Autor: José Carrilero Gil

Localización:

Emplazamiento: La escultura está situada en el pasaje emplazado en la fachada trasera del Círculo Oscense, más conocido en la ciudad como el Casino de Huesca, entre las vías de la Calle del Parque y la Calle San José de Calasanz.

Colaboradores: Se trata de una réplica de un diseño realizado originalmente en 1969.

Materiales: La base es de hormigón armado mientras que el grupo figurativo es de bronce.

Dimensiones (altura/anchura/profundidad): El pedestal posee unas dimensiones de 115 cm x 96 cm x 96 cm mientras que el grupo escultórico tiene como medidas 170 cm x 92 cm x 92 cm.

Cronología: El diseño original de la obra es del año 1969. La réplica instalada en Huesca fue inaugurada por la alcaldesa, Ana Alós, el 17 de enero de 2013.

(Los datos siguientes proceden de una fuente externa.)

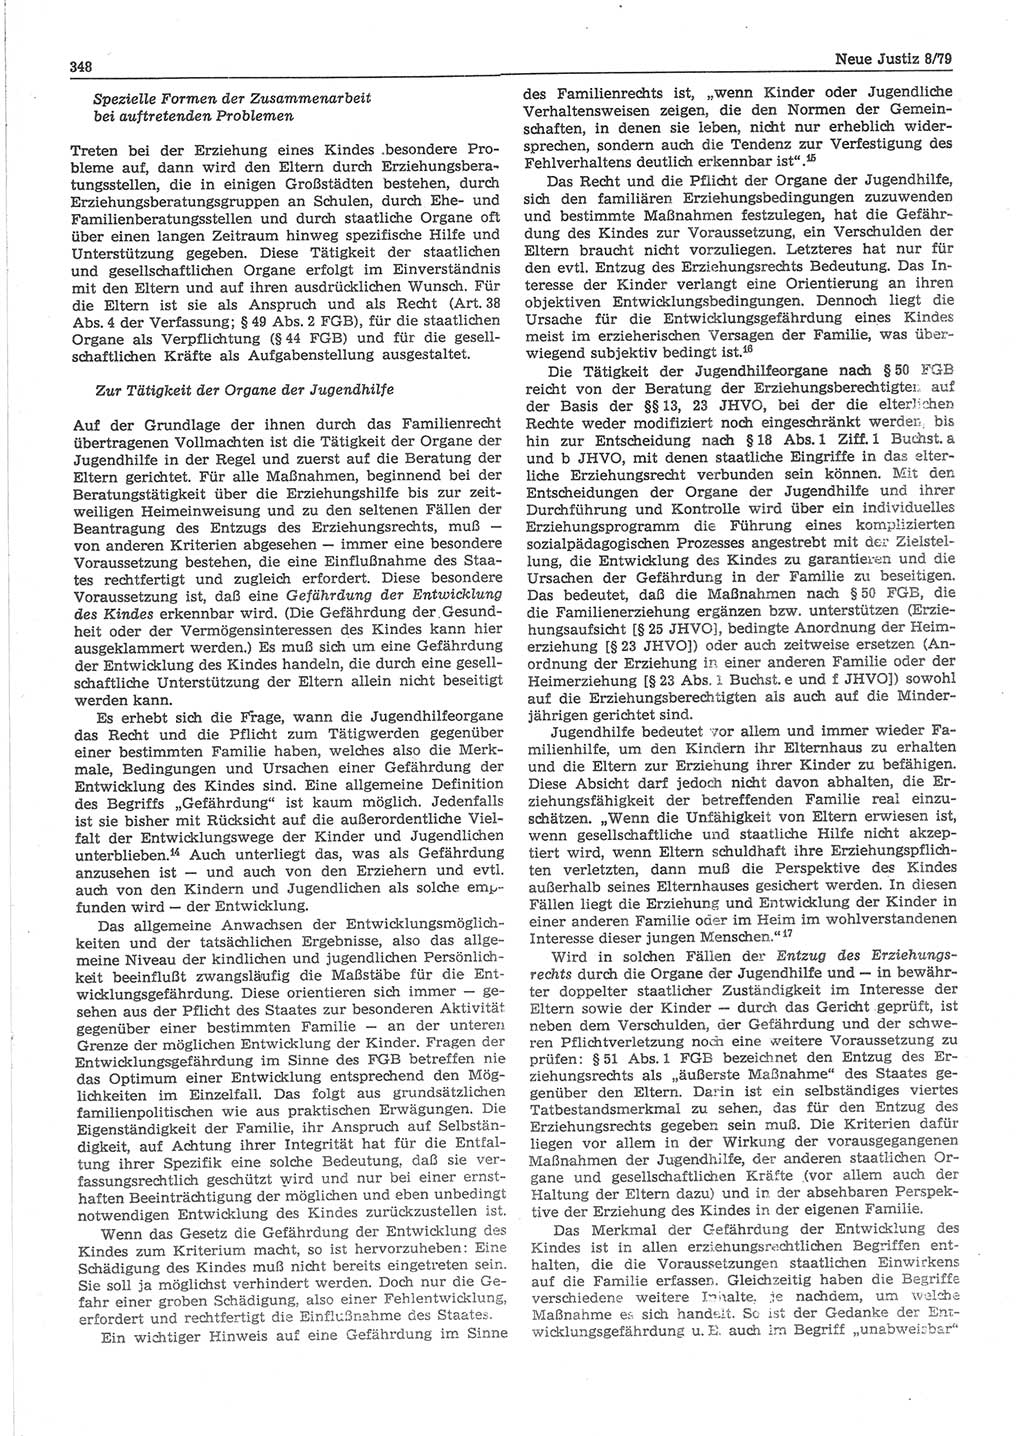 Neue Justiz (NJ), Zeitschrift für sozialistisches Recht und Gesetzlichkeit [Deutsche Demokratische Republik (DDR)], 33. Jahrgang 1979, Seite 348 (NJ DDR 1979, S. 348)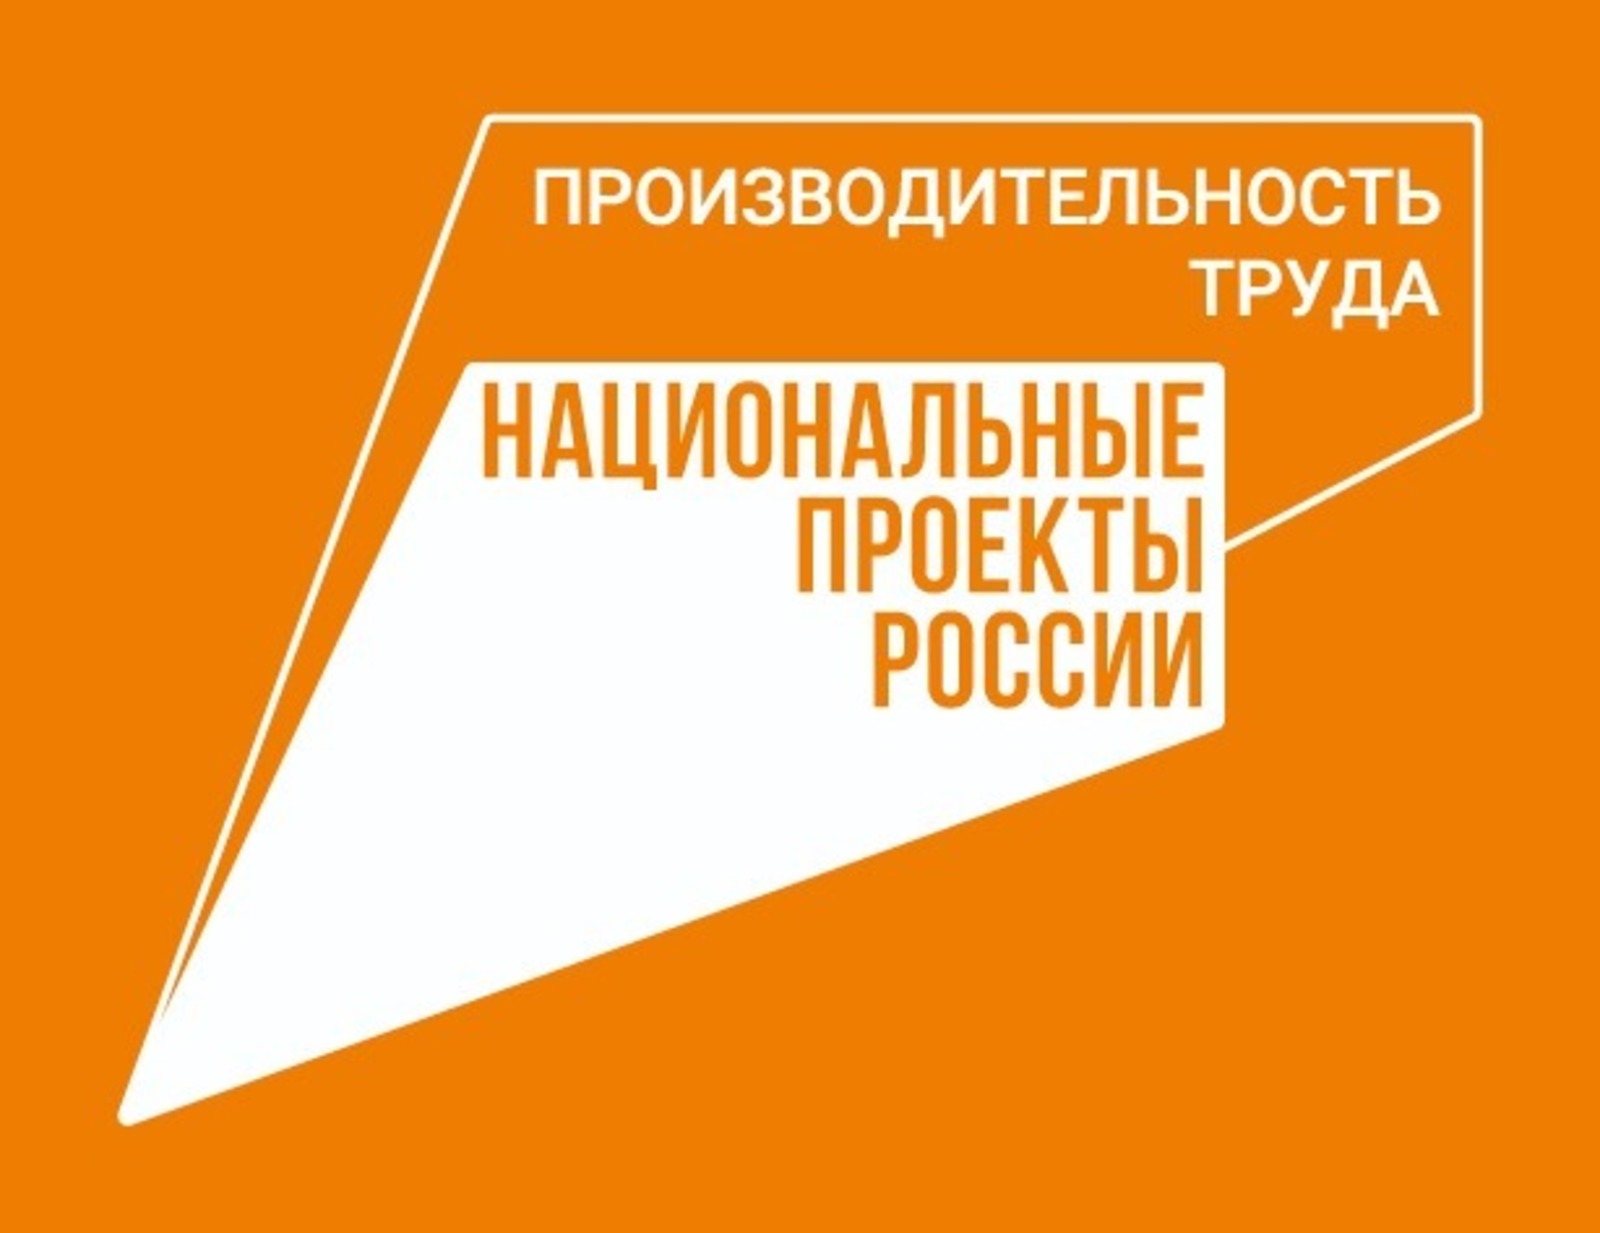 В Башкортостане экономический эффект от нацпроекта «Производительность труда» превысил 1,5 млрд рублей

Promotor: La empresa John Deere encargó el diseño de la pieza a José Carrilero Gil en 1969. Se hicieron 32 copias que fueron vendidas a los concesionarios de la marca y con el devenir de los años, fueron regala

Propietario: Ayuntamiento de Huesca

Inscripciones: Contiene una placa donde se especifica en dos idiomas (castellano e inglés) la simbología de la escultura junto con el título de la misma: "La escultura representa al agricultor con la agricultura a su derecha en forma de mujer y el Progreso en forma de niño. La agricultura es portadora de los frutos de la tierra y lleva marcada la huella de la mecanización en forma de dientes de engranaje tallados en el vuelo de la falda. El agricultor soporta y levanta en solícita ayuda con sus manos al Progreso que avanza con un paso al frente hacia el futuro y que alza en sus manos, en la forma de un haz de mies, la promesa de alimento y vestido para la humanidad. Agricultor, agricultura y progreso forman un grupo que simboliza la unión y ligazón entre los tres y les imprime un sello humano y familiar".

Biografía del representado: La escultura alude al símbolo del agricultor. El conjunto escultórico, que mide casi dos metros de altura, está compuesto de tres figuras de bronce que representan una familia de hortelanos. Las figuras aluden al Agricultor (figura masculina situada a la derecha), la Agricultura (figura femenina situada a la izquierda) y el Progreso representado por un niño situado en el centro de la composición. La figura femenina que alude a la Agricultura lleva los frutos de la tierra que porta en su regazo, al tiempo que lleva marcada la huella de la mecanización en forma de dientes de engranaje tallados en el vuelo de la falda. El Agricultor aúpa al Progreso (al niño) que avanza con un paso al frente hacia el futuro y que alza en sus manos, en la forma de un haz de mies, la promesa de alimento y vestido para la humanidad. Agricultor, agricultura y progreso forman un grupo que simboliza la unión y ligazón entre los tres y les imprime un sello tan humano como familiar. La unidad del conjunto se plasma en las tres figuras, varón, mujer, niño, estilizadas, sintéticas, curvilíneas, expresivas, cuya fuerza y eficacia volumétrica se encuentra paradigmáticamente en los vacíos.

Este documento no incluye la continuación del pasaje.